For example, in the prior art CN202210454687.0, the technical difficulty is large, and the technical upgrade is complex.
Disclosure of Invention
The invention provides a tag video consistency comparison method, which aims at solving the problems of great technical difficulty and complex technical upgrading of the tag video consistency comparison method in the prior art.
In order to solve the technical problems, the invention is solved by the following technical scheme:
the video consistency comparison method based on the label comprises the following steps:
extracting a label, namely extracting sound aiming at the label in the video;
comparing the labels, namely comparing the hash values of the extracted labels; thereby determining the consistency of the tagged video.
Preferably, the extraction method of the label comprises the following steps:
step 1, acquiring a video, namely acquiring the video to be extracted in an uploading or local scanning mode;
step 2, decoding the video, namely decoding the extracted video through a decoder and obtaining video decoding data; the video decoding data comprises sound data and video time point information corresponding to the sound data;
step 3, recognizing the sound data, namely outputting time deviation information and structured data of a recognized text result to the decoded sound data through an automatic voice recognition technology; the time offset information includes a start time and an end time; the structured data of the text result comprises an absolute start time offset ST of the text relative to the video and an absolute end time offset ET of the text relative to the video;
step 4, identifying the segmentation of the text, and segmenting the text identification result;
step 5, extracting keywords, namely extracting the keywords of the segmented recognition text through a TF-IDF algorithm; the number of extracted keywords is at most N;
step 6, merging the character string data, merging the extracted keywords into the character string data in a character string connection mode;
step 7, calculating a paragraph hash value, and obtaining the paragraph hash value through an MD5 hash algorithm for the combined character string data;
step 8, forming records of the paragraph hash value and the time point information start time offset ST and the end time offset ET corresponding to the segments, and storing the records in a database;
and 9, finally forming a video corresponding to a plurality of label extraction result times and hash value records in the database by repeating the steps 4 to 7.

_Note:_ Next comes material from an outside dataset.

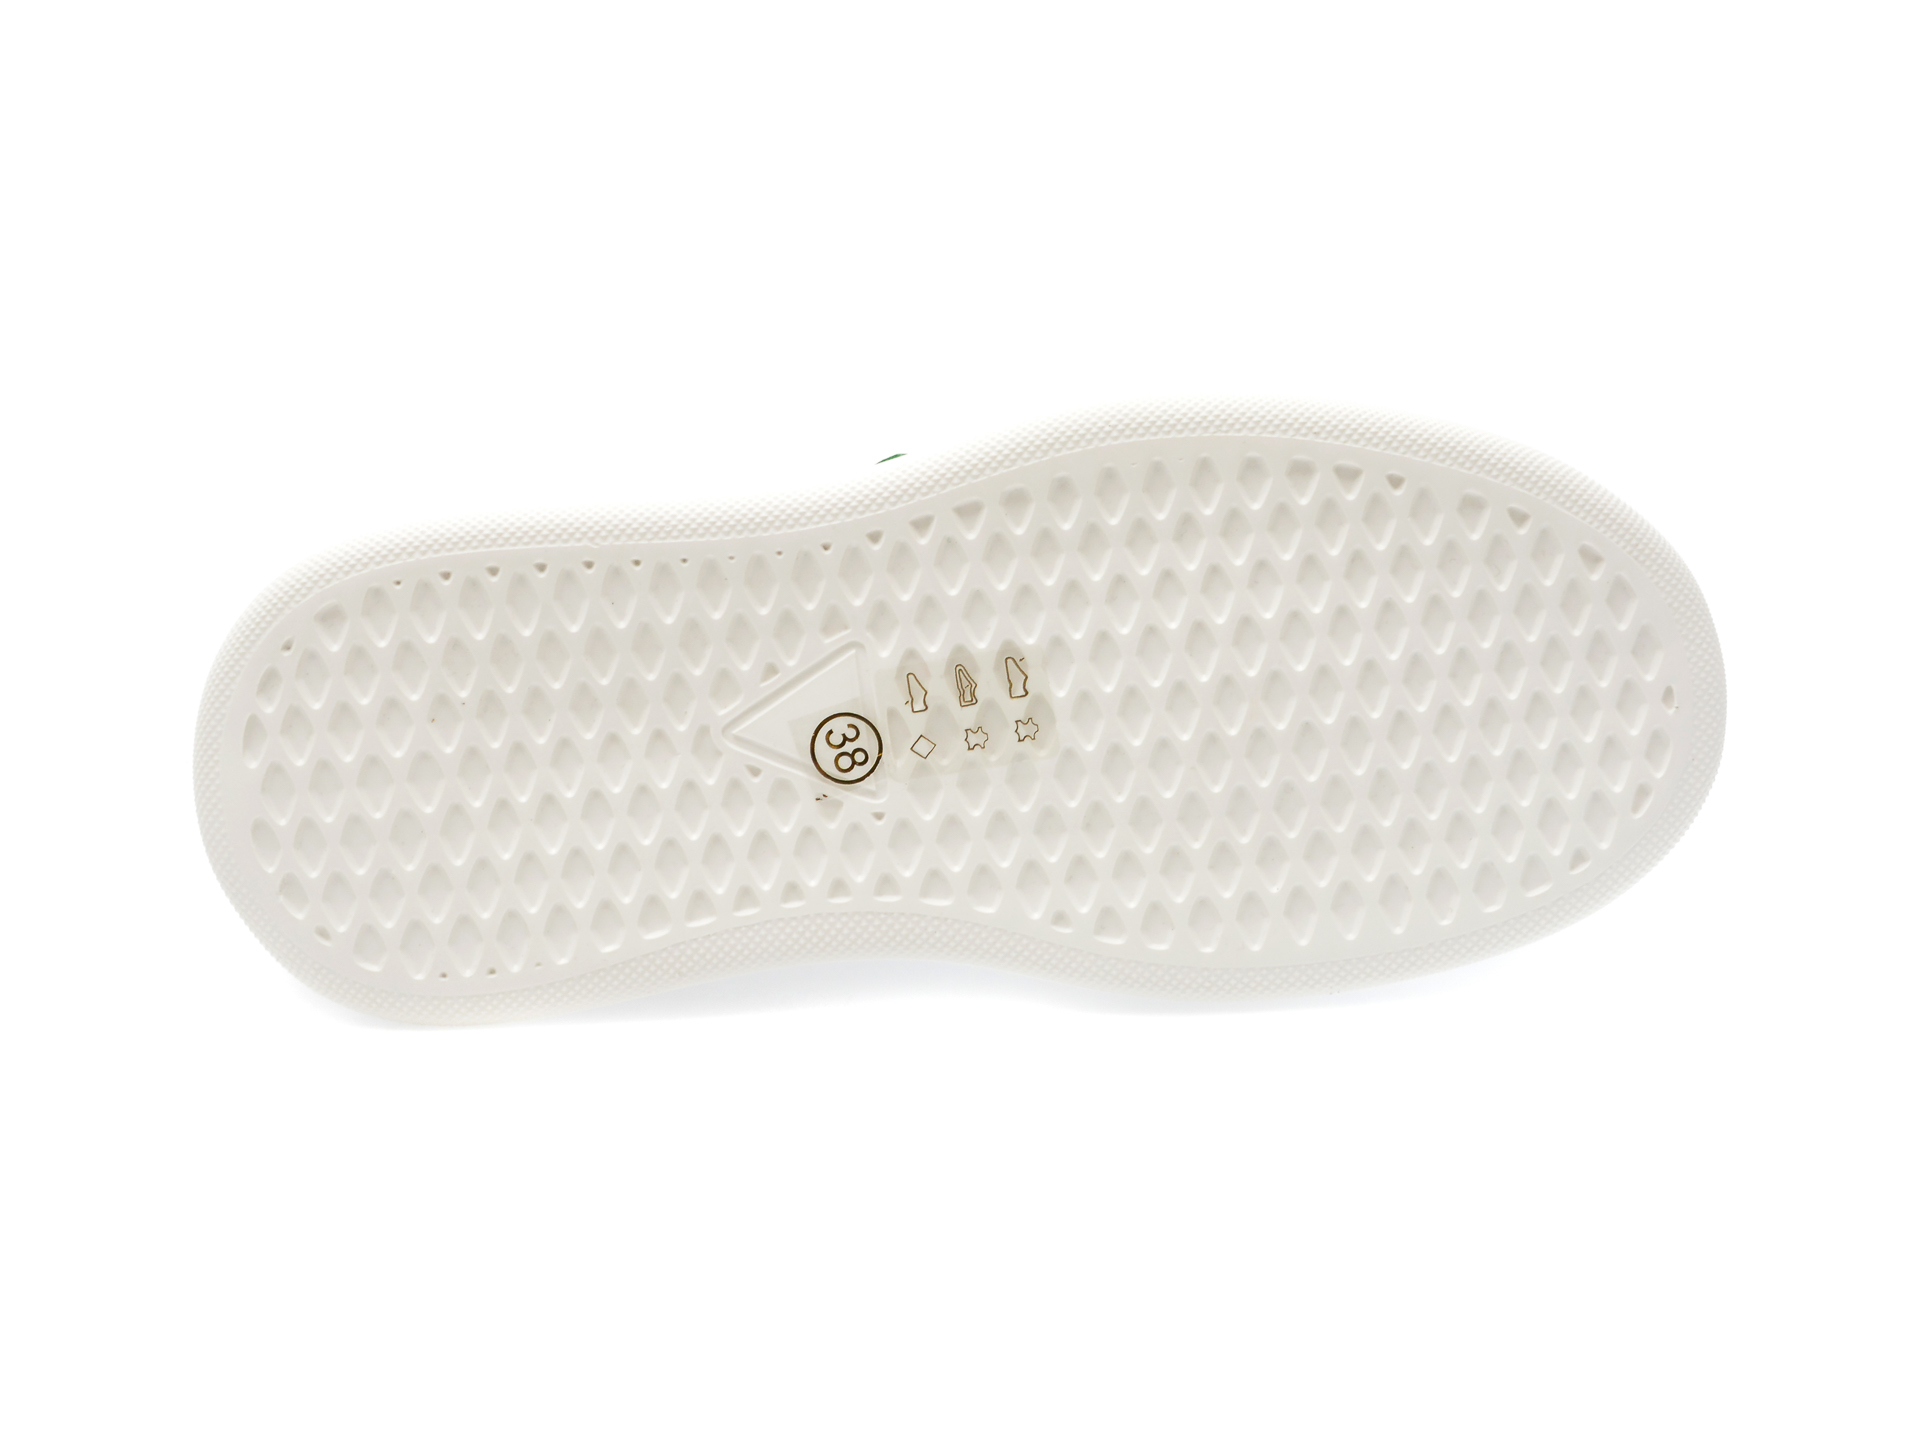 Pantofi GRYXX albi, YX551, din piele naturala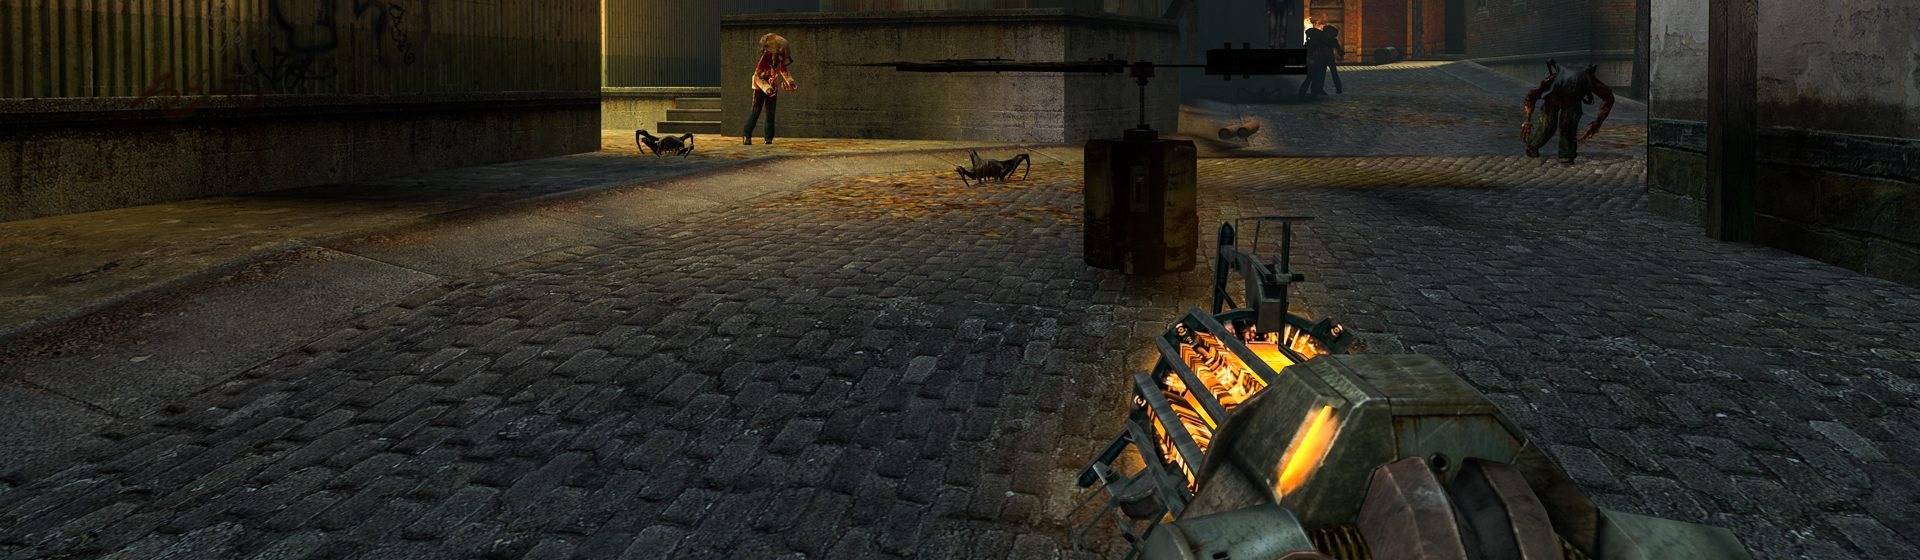 Half-Life 2 nhận bản cập nhật mới sau... 15 năm ra mắt

Preferably, the method for aligning tags comprises:
s1, acquiring label result information, and respectively inquiring a plurality of pieces of label result information corresponding to a first video and a second video to be compared from a database; the label result information comprises time deviation and a hash value;
s2, sorting the label results, and sorting the label result information in a descending order according to the starting time in the time information;
and S3, judging the consistency of the matching result, and comparing the first video hash value with the second video hash value to determine the consistency of the matching result.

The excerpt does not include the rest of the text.